Lawrence, a Yale Law School graduate, says he was approached by the Brandeis Board of Trustees shortly after Reinharz announced his plans to step down. “The more questions I asked, the more interested I became.”

He points to the school’s Four Pillars “ethos,” which include Jewish sponsorship, an openness to all faiths and a commitment to social justice.

“I look at the Four Pillars and I see my life,” Lawrence says. “I am inspired by Brandeis’ history as an institution that embodies what makes America great. The opportunity to lead Brandies is not merely a professional appointment. It is a calling.”

Before going to George Washington University, Lawrence taught at the Boston University School of Law, serving three years as associate dean of students; he earlier worked as clerk to Judge Amalya Kearse of the Second Circuit U.S. Court of Appeals, and as assistant U.S. Attorney for the Southern District of New York under Rudolph Giuliani.

An expert on hate crimes, he was a member of the Massachusetts attorney general’s Hate Crimes Task Force, and chairman of the Anti-Defamation League’s national legal affairs committee. He is the author of “Punishing Hate: Bias Crimes Under American Law” (Harvard University Press, 1999) and last year edited one of five volumes of the treatise “Responding to Hate Crime.”

In 2004 Lawrence was a member of the U.S. delegation to the meeting of the Organization of Security and Cooperation in Europe, and in 2008 delivered the keynote address on hate crime law enforcement at the OSCE meeting.

His family belonged to a Reform congregation, but Lawrence, who calls himself traditionally oriented “Conservadox,” was a member of Kesher Israel, a prominent Orthodox synagogue, while he was living in Washington.

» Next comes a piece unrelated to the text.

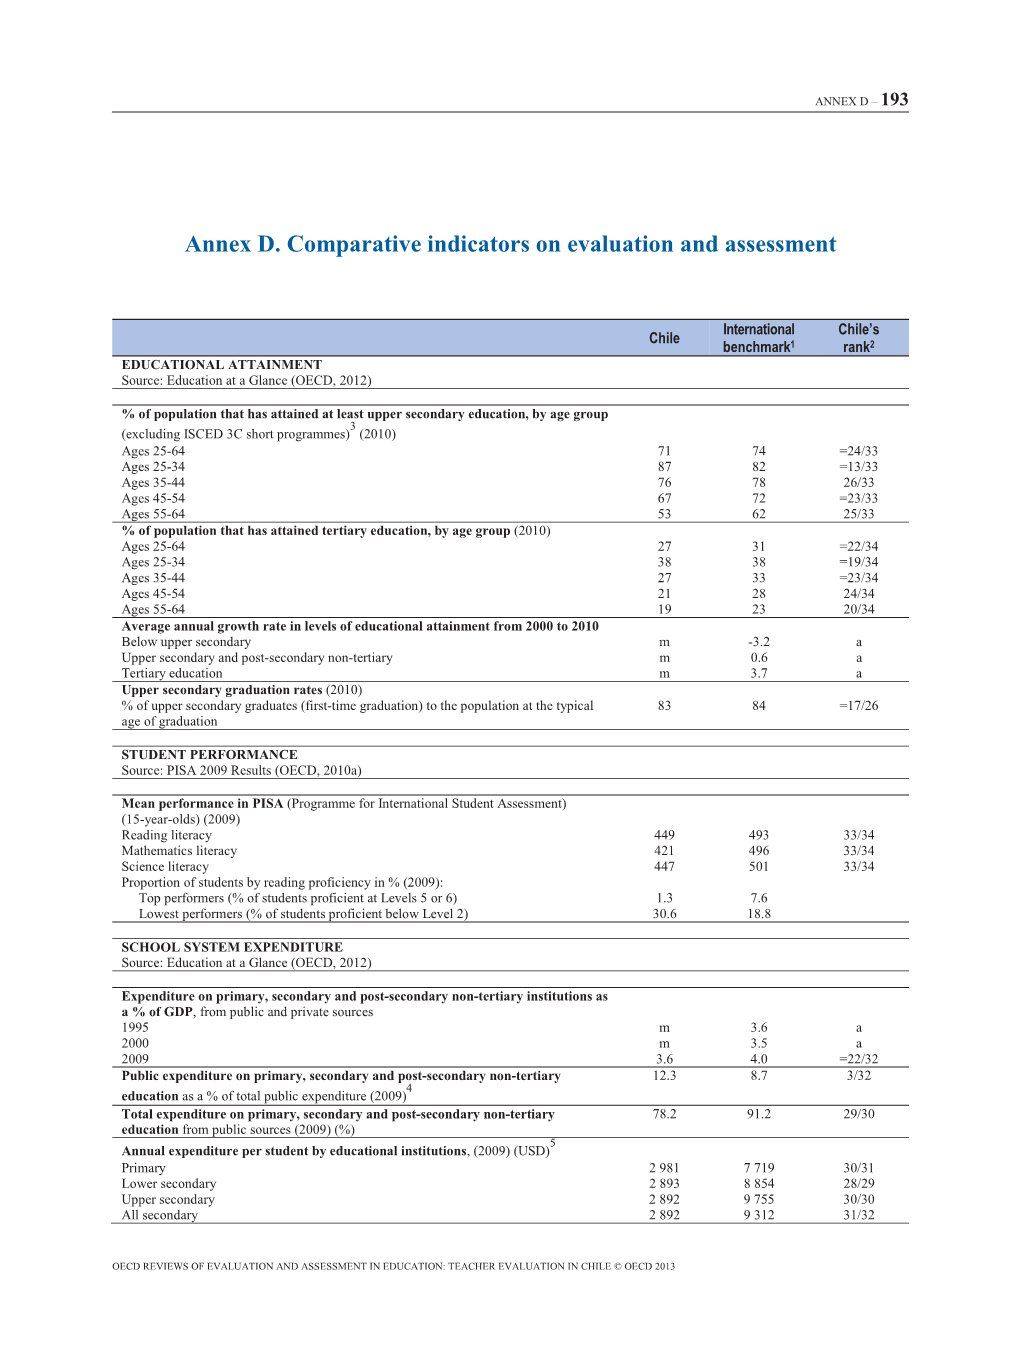 Annex D. Comparative Indicators on Evaluation and Assessment
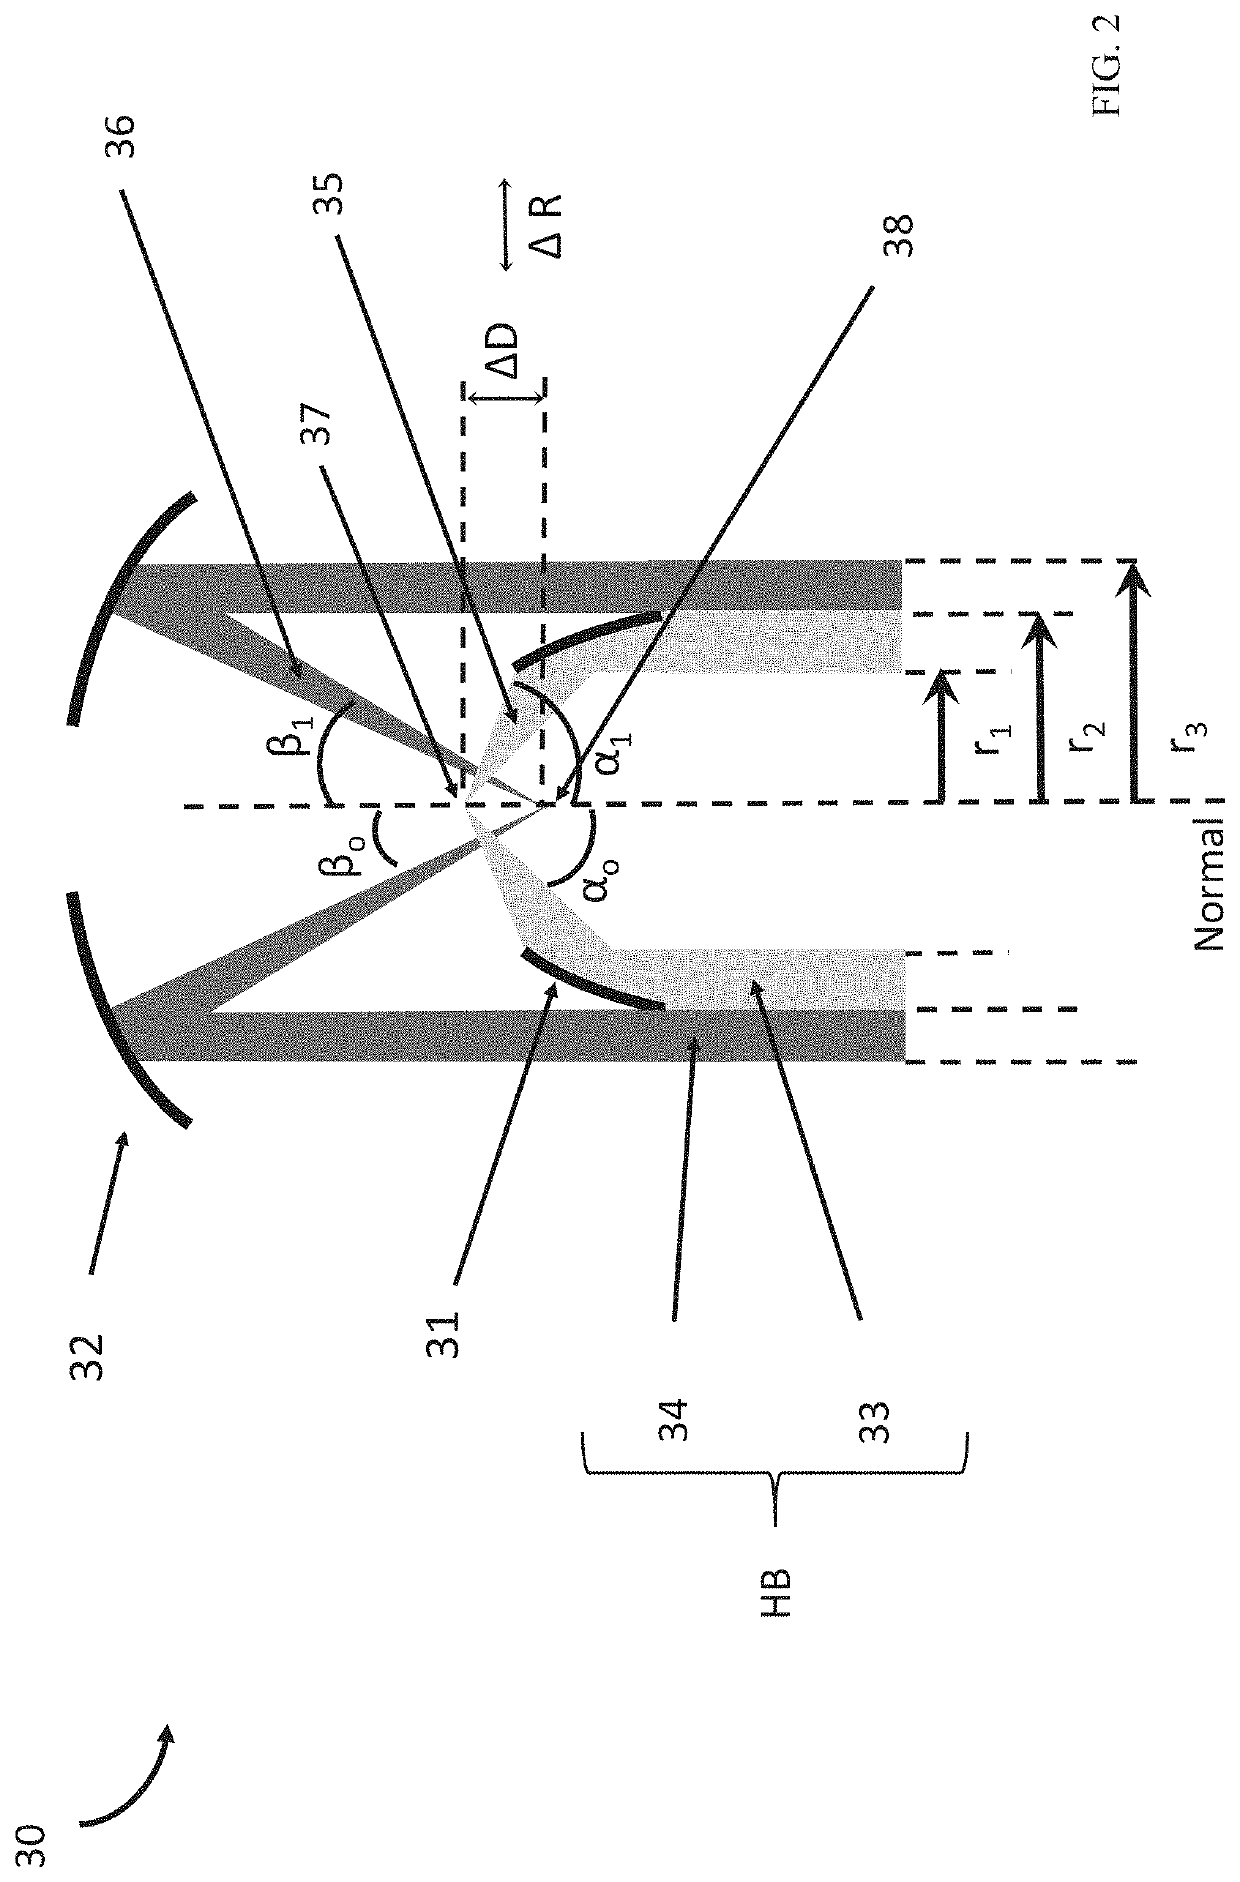 Optical trapping of airborne particles using dual counter-propagating hollow conical beams

During his previous tenure in Boston, he regularly attended a Talmud class, he says; a trained singer, he frequently leads congregational prayers in shul and delivers a dvar Torah on Shabbat.

At Brandies, Lawrence says he hopes to return to the classroom, maybe teaching a course each semester.

He’s not looking beyond the Brandeis presidency. “This is a challenge,” he says. “I can see running with this for a long period of time.”